Trinidad and Tobago national team
| Year | Apps | Goals |
| 2002 | 3 | 0 |
| 2003 | 7 | 0 |
| 2004 | 8 | 1 |
| 2005 | 9 | 0 |
| 2006 | 2 | 0 |
| 2007 | 5 | 1 |
| 2008 | 1 | 0 |
| 2009 | 6 | 0 |
| Total | 41 | 2 |

===International goals===
 Scores and results list T&T's goal tally first.

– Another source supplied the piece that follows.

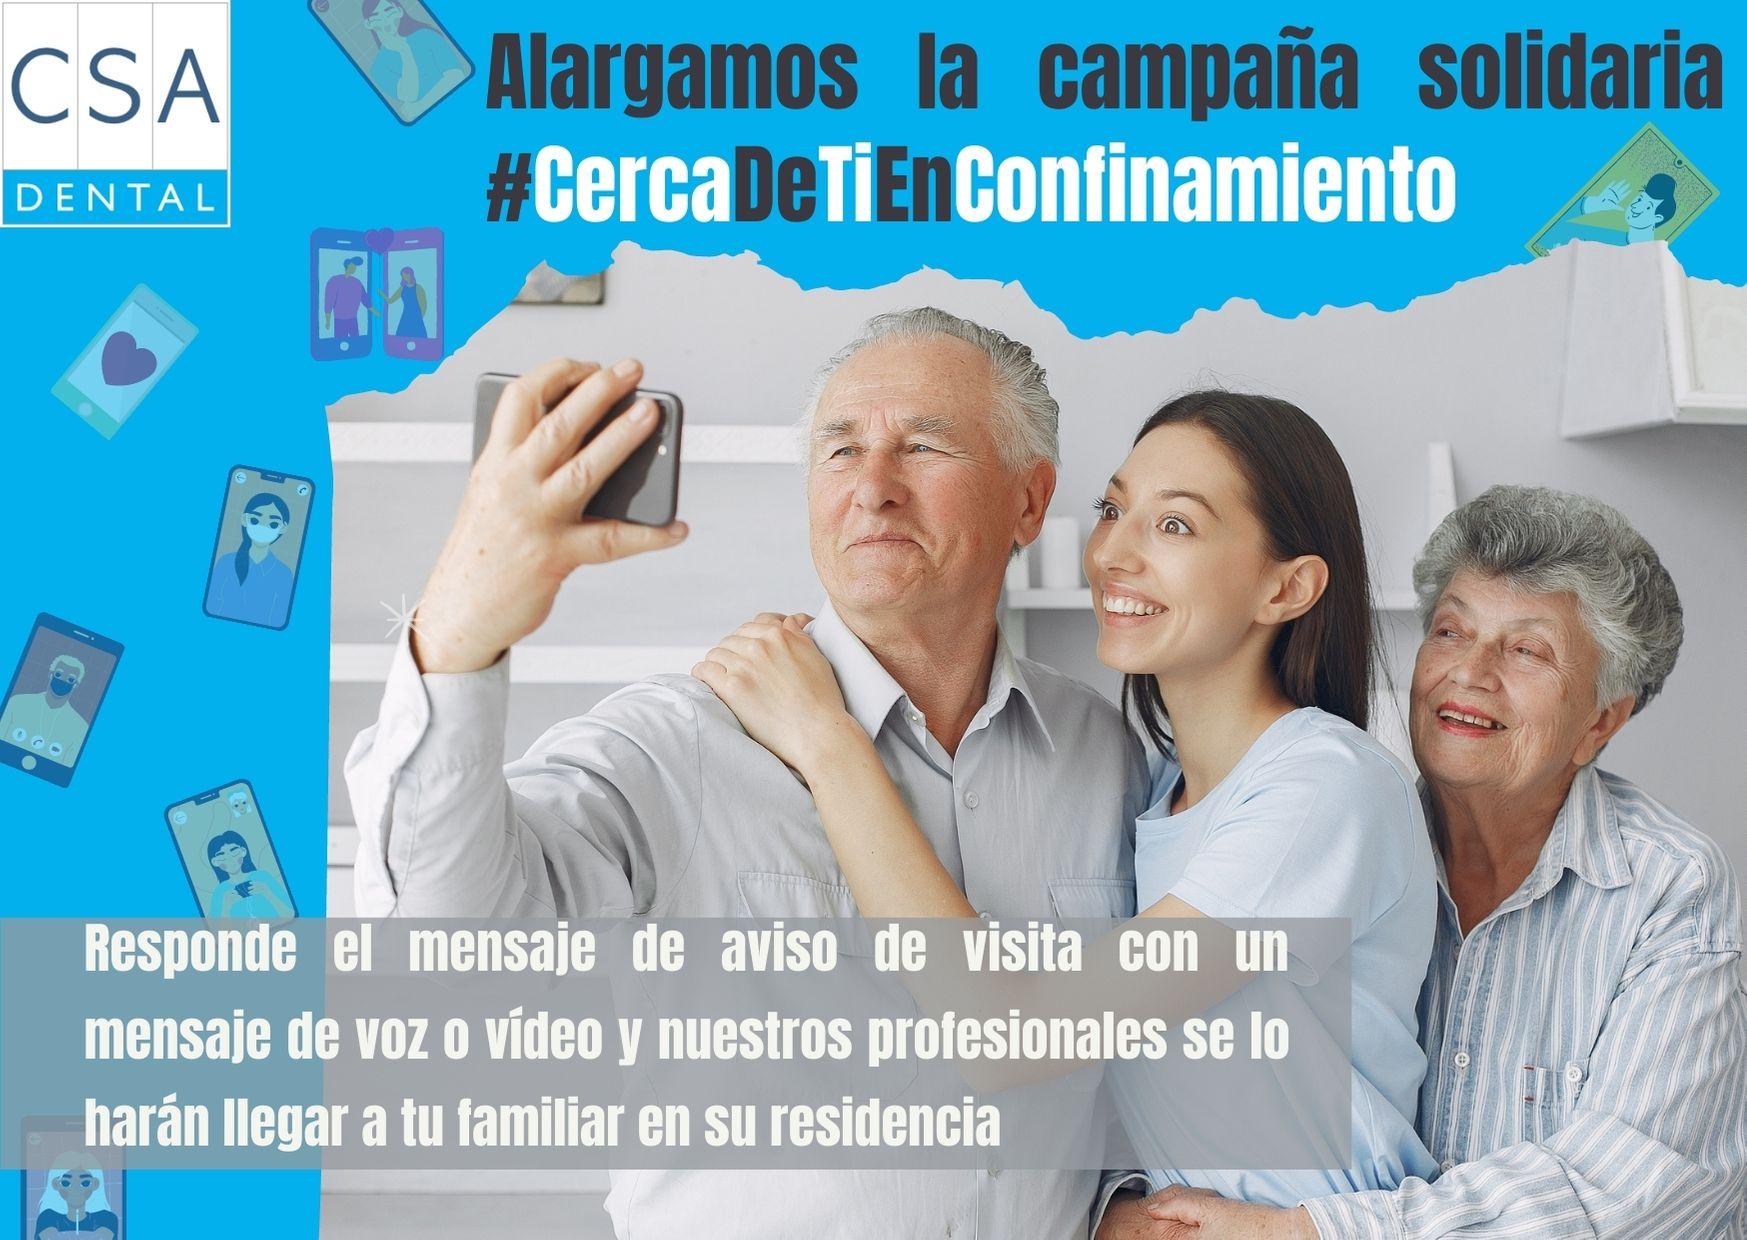 Campaña solidaria #CercaDeTiEnNavidad
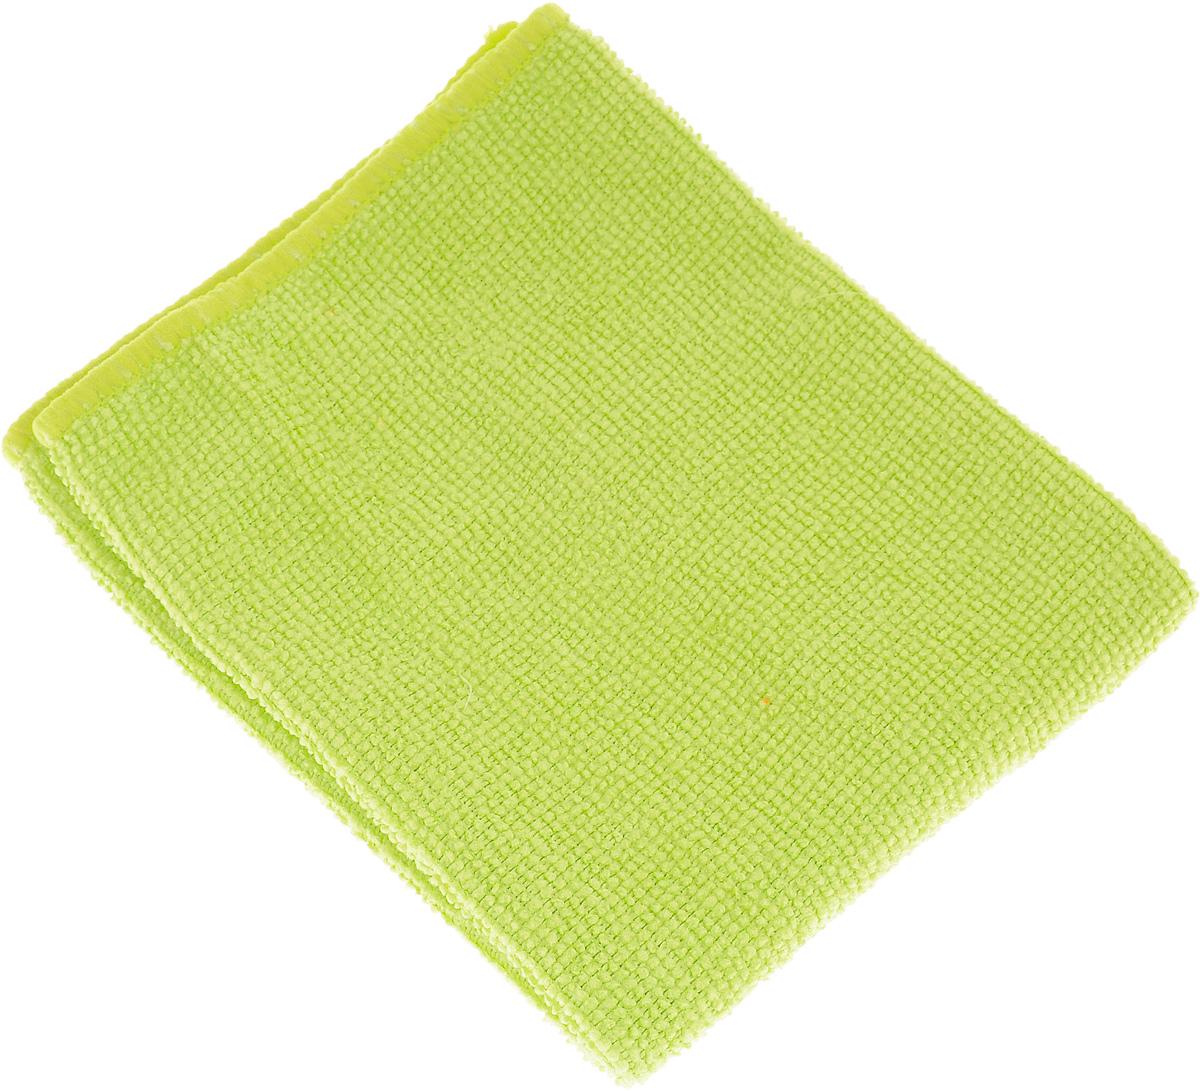 Салфетка из микрофибры Rexxon, универсальная, 35 х 35 см2-6-1-3-2Универсальная салфетка Rexxon выполнена из высококачественного полиэстера и полиамида. Благодаря своей структуре она эффективно удаляет с твердых поверхностей грязь, следы засохших насекомых.Микрофибра удаляет грязь с поверхности намного эффективнее, быстрее и значительно более бережно в сравнении с обычной тканью, что существенно снижает время на проведение уборки, поскольку отсутствует необходимость протирать одно и то же место дважды. Использовать салфетку можно для чистки как наружных, так и внутренних поверхностей автомобиля. Используя подобную мягкую ткань, можно проникнуть даже в самые труднодоступные места и эффективно очистить от пыли и бактерий все поверхности. Микрофибра устойчива к истиранию, ее можно быстро вернуть к первоначальному виду с помощью ручной стирки при температуре 60°С. Приобретая микрофибровые изделия для чистки автомобиля, каждый владелец сможет обеспечить достойный уход за любимым транспортным средством.Состав: 80% полиэстер, 20% полиамид.Размер салфетки: 35 х 35 см.

| # | Date | Venue | Opponent | Score | Result | Competition |
|---|---|---|---|---|---|---|
| 1 | 12 December 2004 | Tortola, British Virgin Islands | British Virgin Islands | 4–0 | 4–0 | Digicel Caribbean Cup 2005 |
| 2 | 7 June 2007 | California, United States | El Salvador | 1–0 | 1–2 | 2007 CONCACAF Gold Cup |

Source

==Personal life==
His younger brother Silas Spann of Joe Public F.C. is currently member of the Trinidad and Tobago national football team.